Further, each research project should be identified by number (e.g. project
1), title, and responsible Project Co-Leaders, and each core should be
identified by number, title, and responsible core leader.
Form page 4 - Detailed budget for initial budget period.
Use Form page 4 of PHS Form 398 as a composite budget for the entire DCRC
application. Indicate the page location of the composite budget in the
"Table of Contents." Note: An additional Form page 4 must be used for each
individual project and core within the DCRC application. Narrative
justification for individual budget categories should be presented for each
of the projects and cores.
Form page 5 - Budget for entire proposed DCRC period.
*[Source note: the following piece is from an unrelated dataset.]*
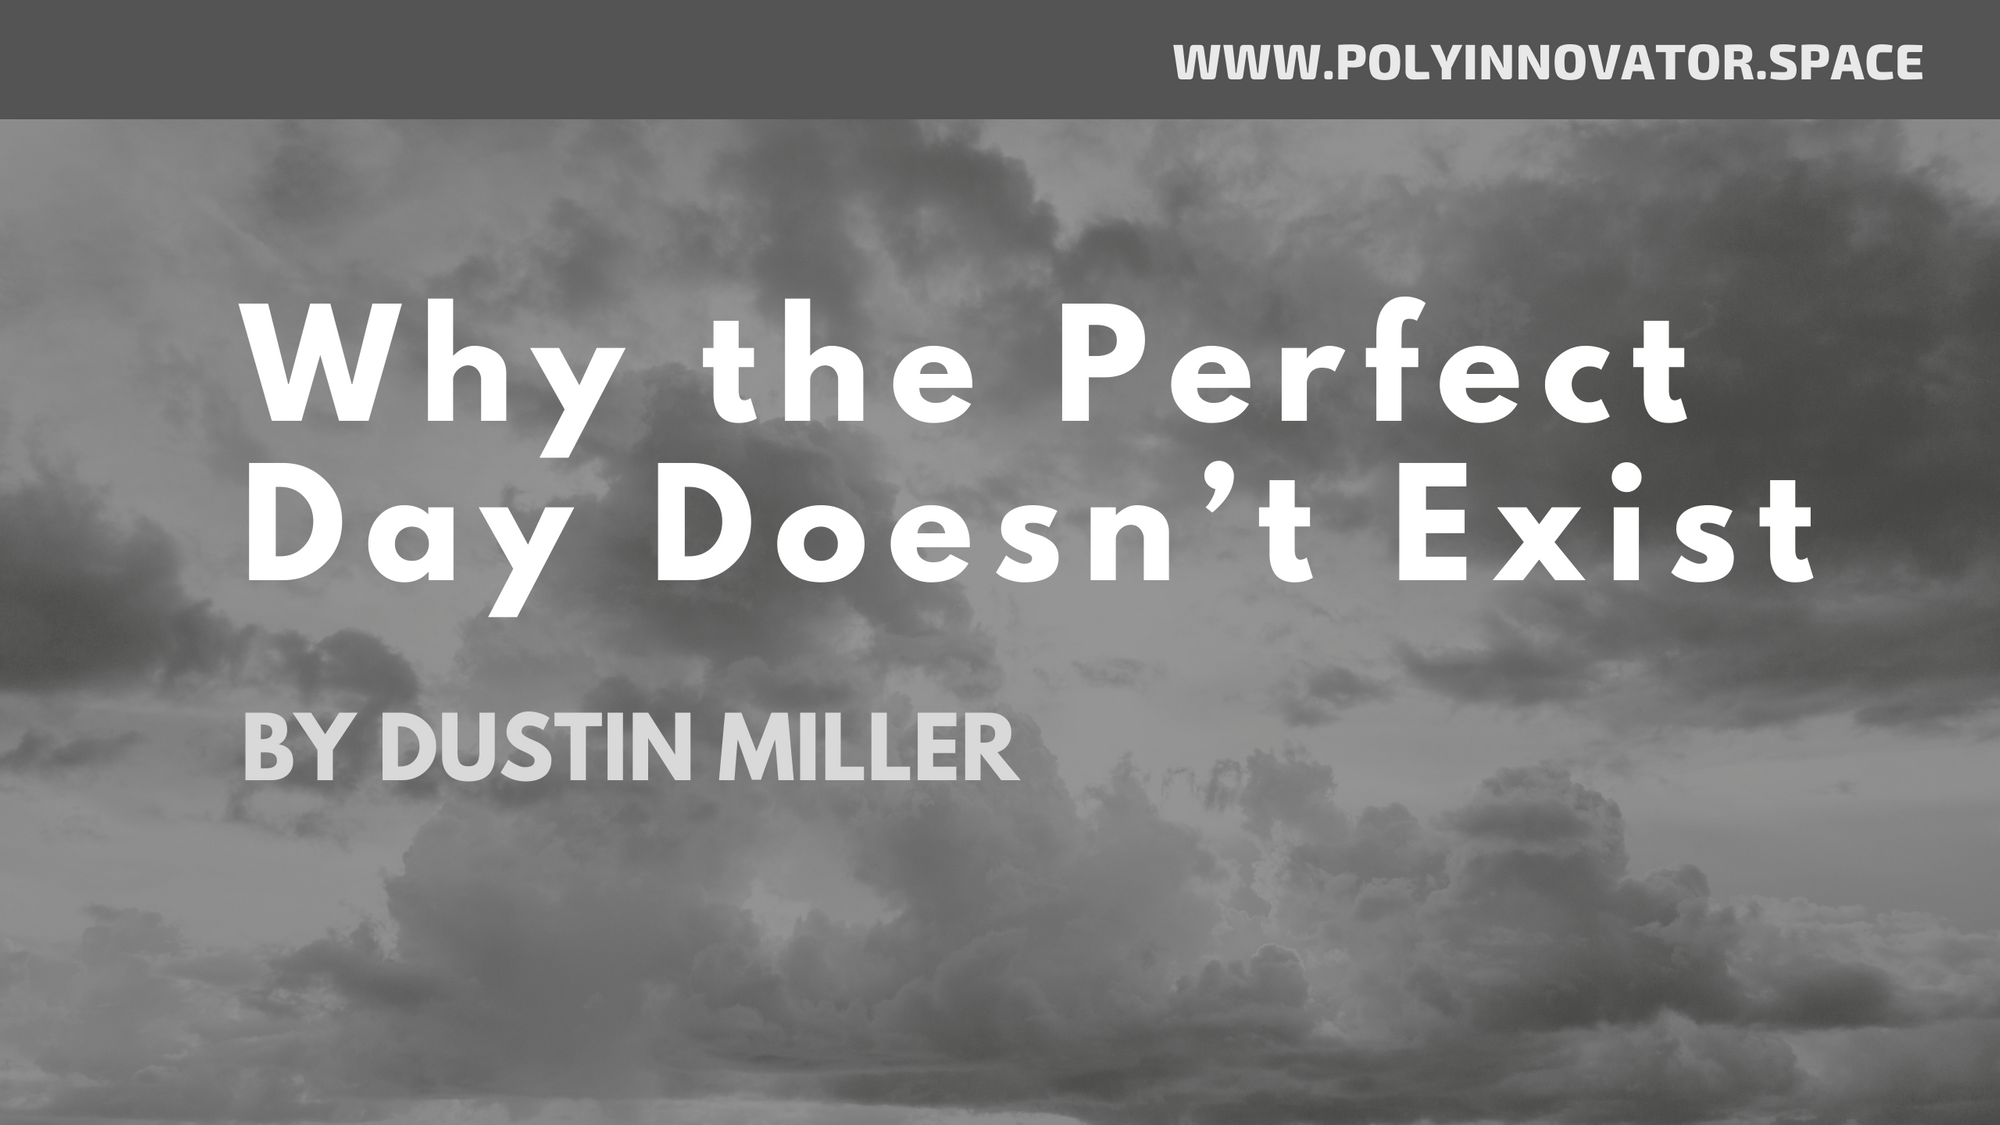 Why the Perfect Day Doesn’t Exist

Complete the total direct cost line entries for all requested budget periods
(years) and the total direct cost for entire period of support for each
project and core.
Biographical sketch form page.
Biographical sketches of all professional personnel for all components should
be placed at the end of the application with the P.I.s first, followed by
those of other key personnel in alphabetical order.
Resources form page.
Do not complete for the overall application. Essential information is to be
presented in the individual research project and core sections of the
application.
Checklist.
Complete for the entire application and place at the end of the application
package.
If the facilities and administrative costs (F&A) rate agreement has been
established, indicate the type of agreement and the date. Identify all
exclusions used in the calculation of the F&A costs for the initial budget
period and all future budget years.
Other support page.
Do not complete. Any required information will be requested from successful
applicants prior to grant award.
Program overview (research plan).
Foreword: Include a one-page foreword in which you describe relevant
previous collaborative arrangement(s), if any.
Items a-d (see PHS 398 instructions) are limited to 25 pages. This narrative
section summarizes the overall research plan for the multi-project
application. The DCRC application should be viewed as a confederation of
synergistic research projects, each capable of standing on its own scientific
merit, but complementary to one another. This important section provides the
group of investigators an opportunity to give conceptual wholeness to the
overall program by giving a statement of the general aim of the overall
research plan and by laying out a broad strategy for accomplishing the goals
of the program. Indicate the contribution of each project and core to the
overall concept. Include a chart showing the percentage of core activities
required for support of each project throughout the requested funding period.
Summarize the special features in the environment and/or resources that make
this application strong or unique.
Appendix.
Follow the standard PHS 398 instructions, but provide six copies of a single
appendix for the entire document. Order of materials in the appendix should
follow that of the application, i.e., starting with materials relevant to the
overall program, continuing with materials relevant to the individual
projects, and concluding with any materials relevant to the core(s).
Include letters (on institutional letterhead) from each proposed project Co-
Leader and core leader confirming his/her role in the proposed DCRC, as well
as from institutional officials confirming their commitment to the project.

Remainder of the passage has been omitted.